The rest of the article is arranged as follows. In Section 2, we review recent works related to computer aided diagnosis with artificial intelligence for COVID-19 and relevant methodologies under weak supervision. We introduce the relavant background and details regarding DA-CMIL in Section 3. In Section 4, we provide descriptions on experimental settings and datasets employed. Experimental results are discussed in Sections 5 & 6. We conclude this study in Section 7.

This section presents related works in terms of COVID-19 screening, methods for weak supervision and selfsupervised learning.

The success of deep learning based techniques applied to medical image analysis has shown promising results for several application areas such as segmentation and disease detection. Several pioneering methods Shi et al. Huang et al. (2020) have been key areas of research. Notably, a recent review Shi et al. (2020a) shows that screening is predominant and continues to receive much interest. Moreover, given that chest CT best shows key image characteristics for COVID-19 diagnosis, CT is preferred over X-ray despite it being a low cost solution. Ng et al. (2020) recently claimed that consolidative and/or ground glass opacities (GGO) on CT are often undetectable in chest radiography and highlighted the pros and cons of each imaging modality.
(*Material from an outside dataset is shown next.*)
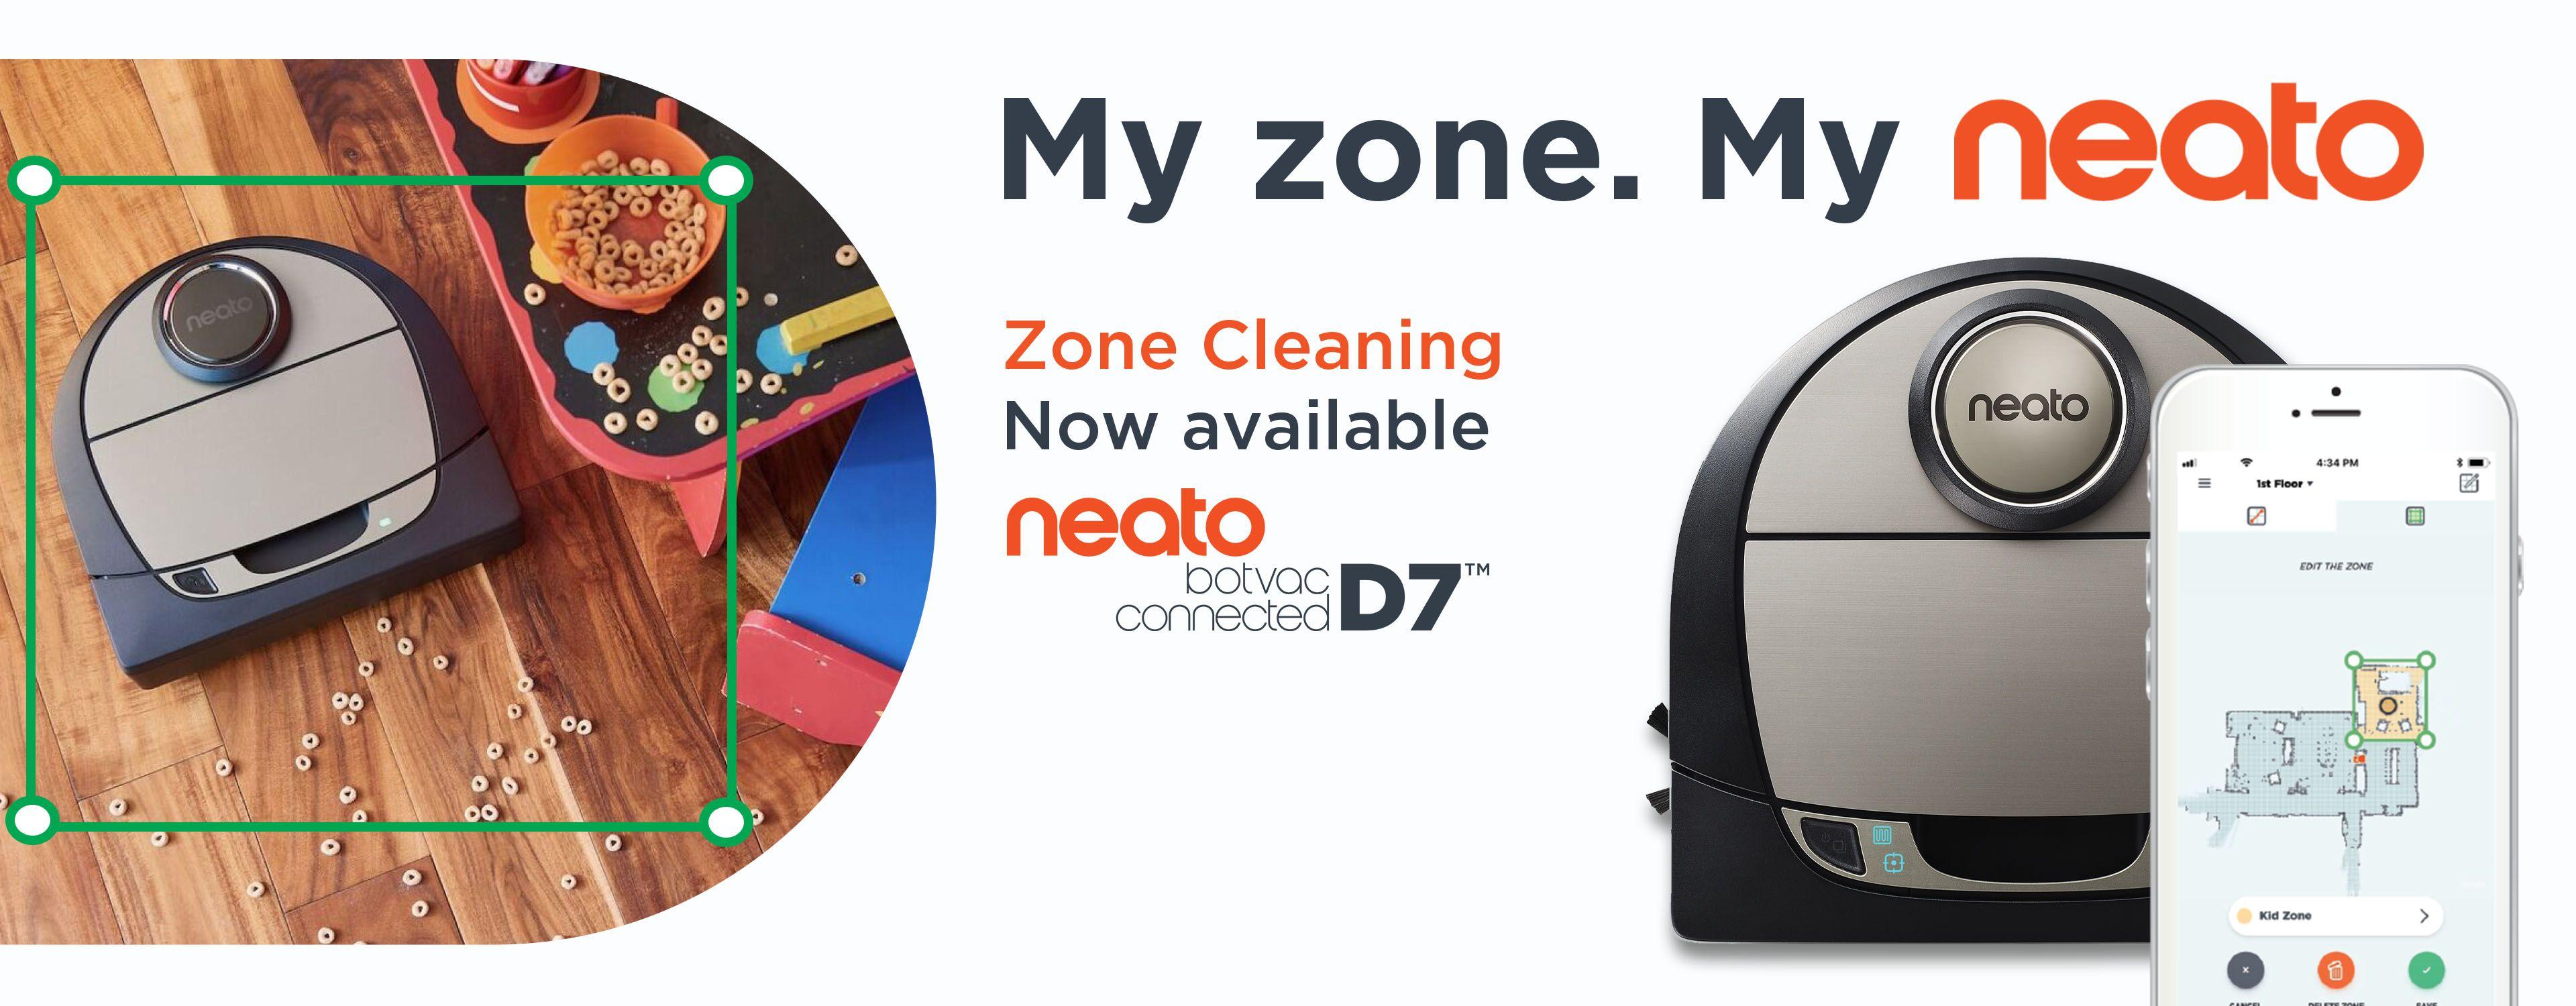 Neato Logo - Neato Robotics | Smart, Powerful, Connected Robot Vacuums

Accordingly, Oh et al. (2020) recently proposed a patch-based CNN for COVID-19 diagnosis applied to chest radiography with limited datasets. They show that statistically significant differences in patch-wise intensity distributions can serve as biomarkers for diagnosis of COVID-19; with existing correlations to current radiological findings of chest X-ray. Alom et al. (2020) introduced a multi-task deep model that jointly considers chest CT and X-ray for diagnosis. They showed impressive results in both modalities for both detection and localization of infected regions. Song et al. (2020) developed DeepPneumonia, a deep learning system with rapid diagnosis to aide clinicians. Mei et al. (2020) used deep learning to integrate chest CT findings with clinical information such as laboratory tests and exposure history to rapidly diagnose COVID-19 patients. From a technical standpoint, most methods require pre-segmented lesions prior to training, and/or include multi-stages in the frameworks. Moreover, patch-based methods may suffer from noisy samples in scans, often requiring careful manual selection of slices for efficiency.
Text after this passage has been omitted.